Since chickenpox continued to spread in children vaccinated with one dose, children began receiving two doses of the vaccine in 2006. In two studies around the USA, chickenpox cases decreased by between 65% and 76% in the years 2006-2010. Of the hospitalized chickenpox cases in this study, none were vaccinated.

Does chickenpox vaccine help if you’re already infected?

There are only isolated scientific studies that have looked into this issue, and they are not especially significant. We don’t know that much. In the studies available, there has been a reduction in the risk of getting chickenpox after being infected, if you have received the vaccine within three days. Nevertheless those who get chickenpox after the vaccination, had milder symptoms than those who did not receive the vaccine.

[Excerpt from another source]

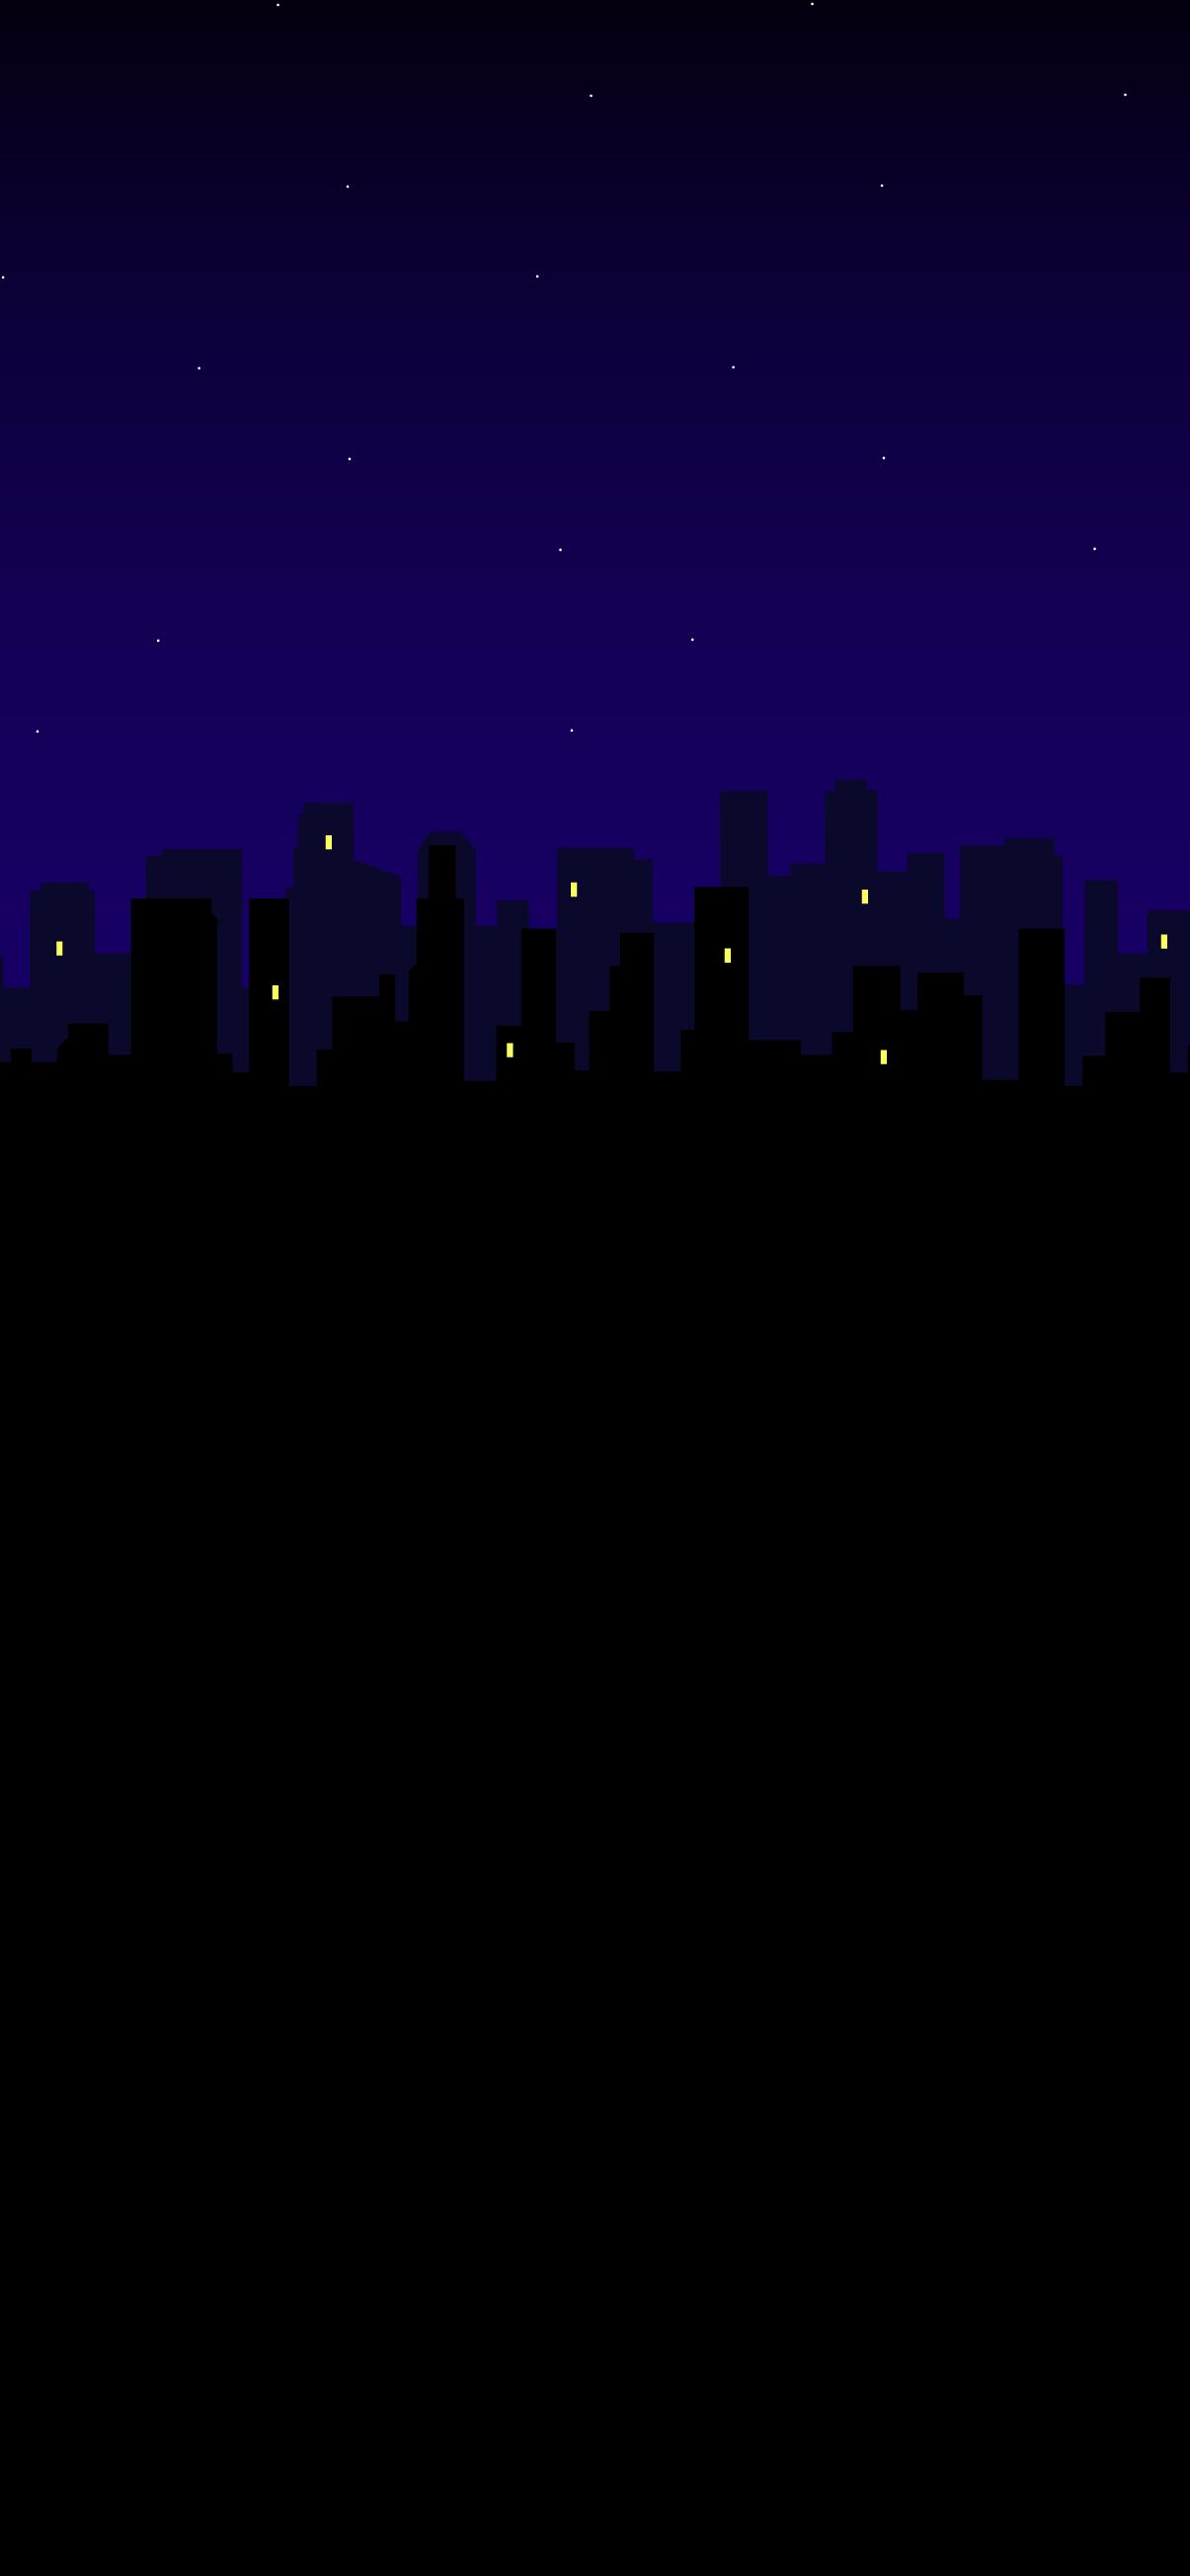 black amoled wallpaper city silhouette in 4k

Although possible, it is extremely rare for the chickenpox vaccine virus to cause shingles compared to the wild chickenpox virus.

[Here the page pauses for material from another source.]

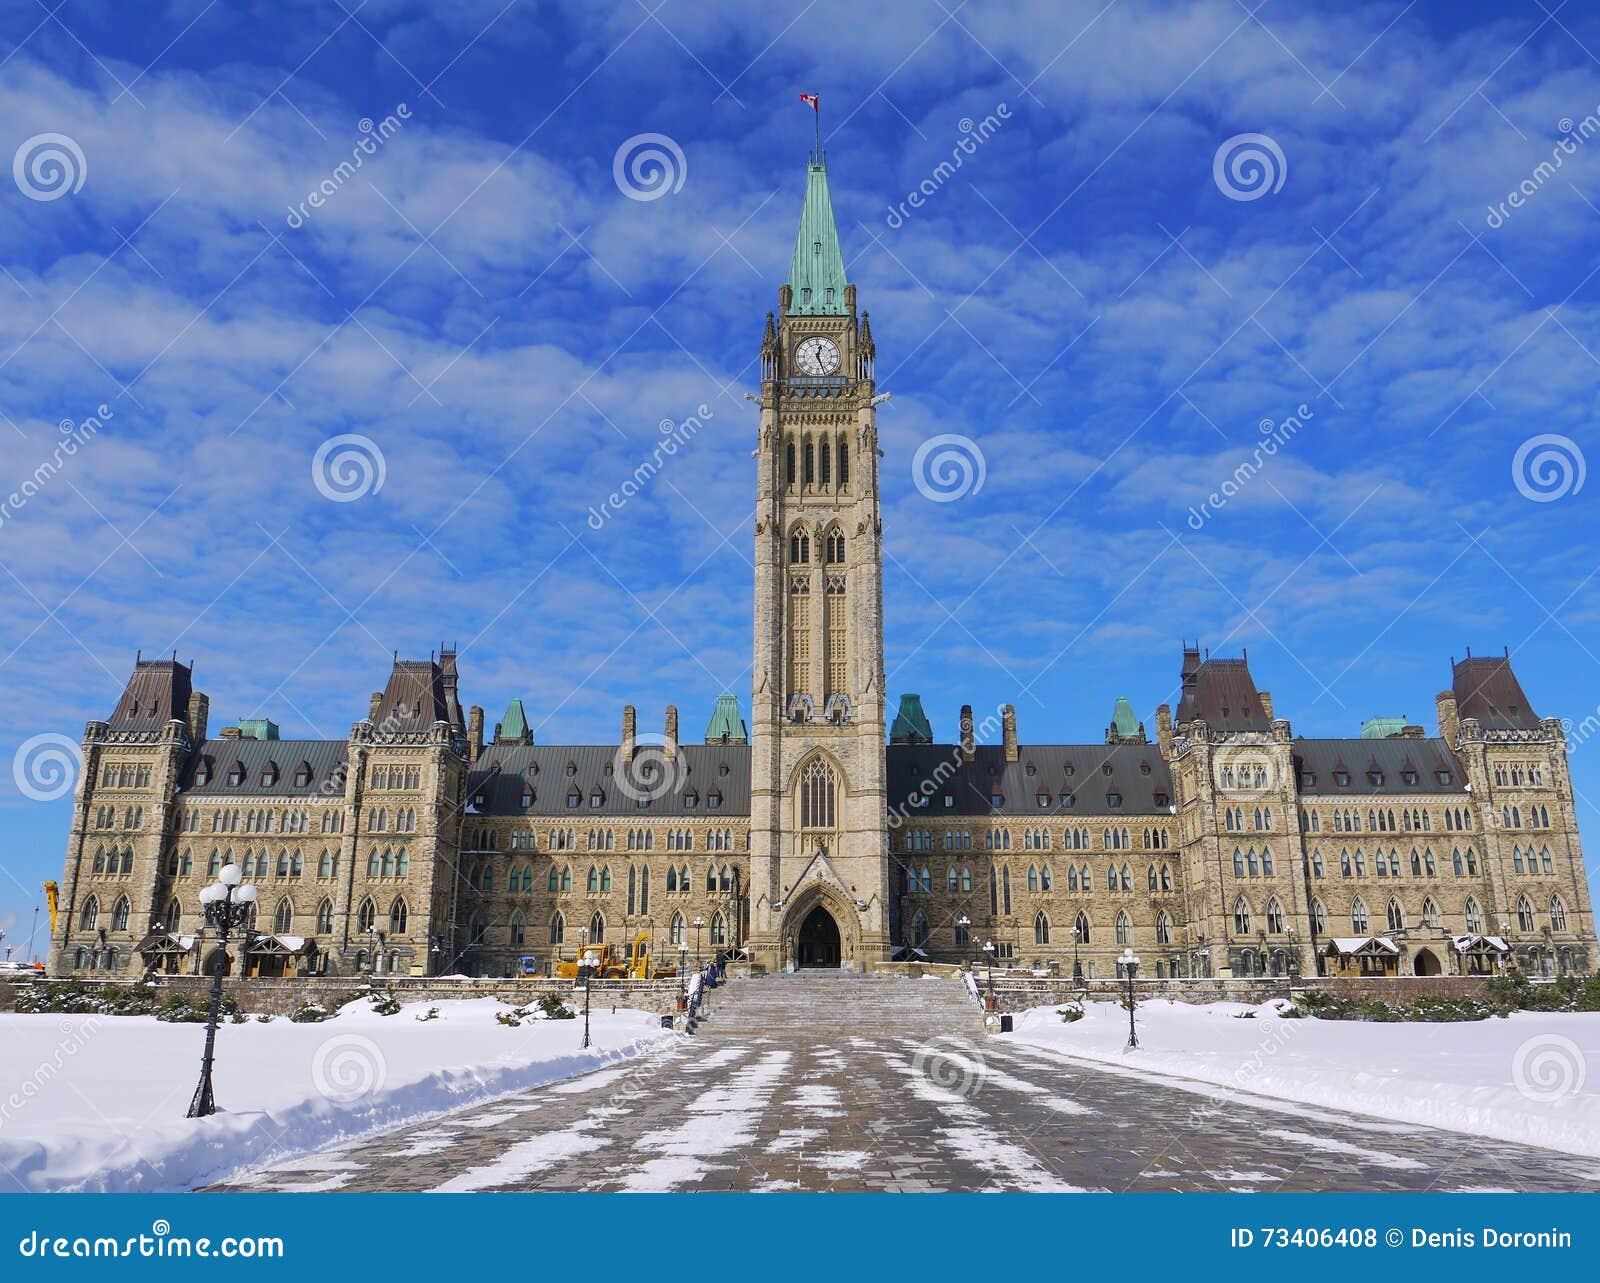 Ottawa parliament in winter time

But for people who already have the wild chickenpox virus in their body (the vast majority of us), it is probably a good idea that children are not vaccinated. Every time we are exposed to the chickenpox virus (eg. by coming into contact with an infected child) our immune response to the virus is activated. This consequently reduces our risk of shingles. Did you follow?

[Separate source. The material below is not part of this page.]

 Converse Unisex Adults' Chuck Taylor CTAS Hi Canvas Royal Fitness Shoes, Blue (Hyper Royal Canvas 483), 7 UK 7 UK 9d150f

The vaccinated person has (at least at a young age) less risk of getting shingles than an unvaccinated person. However vaccinating all children, theoretically, increases the risk of those who have already had wild chickenpox, getting shingles. This is because vaccinating all children means that those who were previously infected, are not exposed to the virus again. This may increase the chances of inactivating our immune system against the chickenpox virus, and consequently increase the chances of getting shingles in adulthood. However, several studies have come to different conclusions about whether this has actually happened in vaccinated populations. Some argue that there has definitely been an increase in shingles in the elderly related to childhood vaccination. Others say that this increase started before vaccinations began and is not a result of the vaccination.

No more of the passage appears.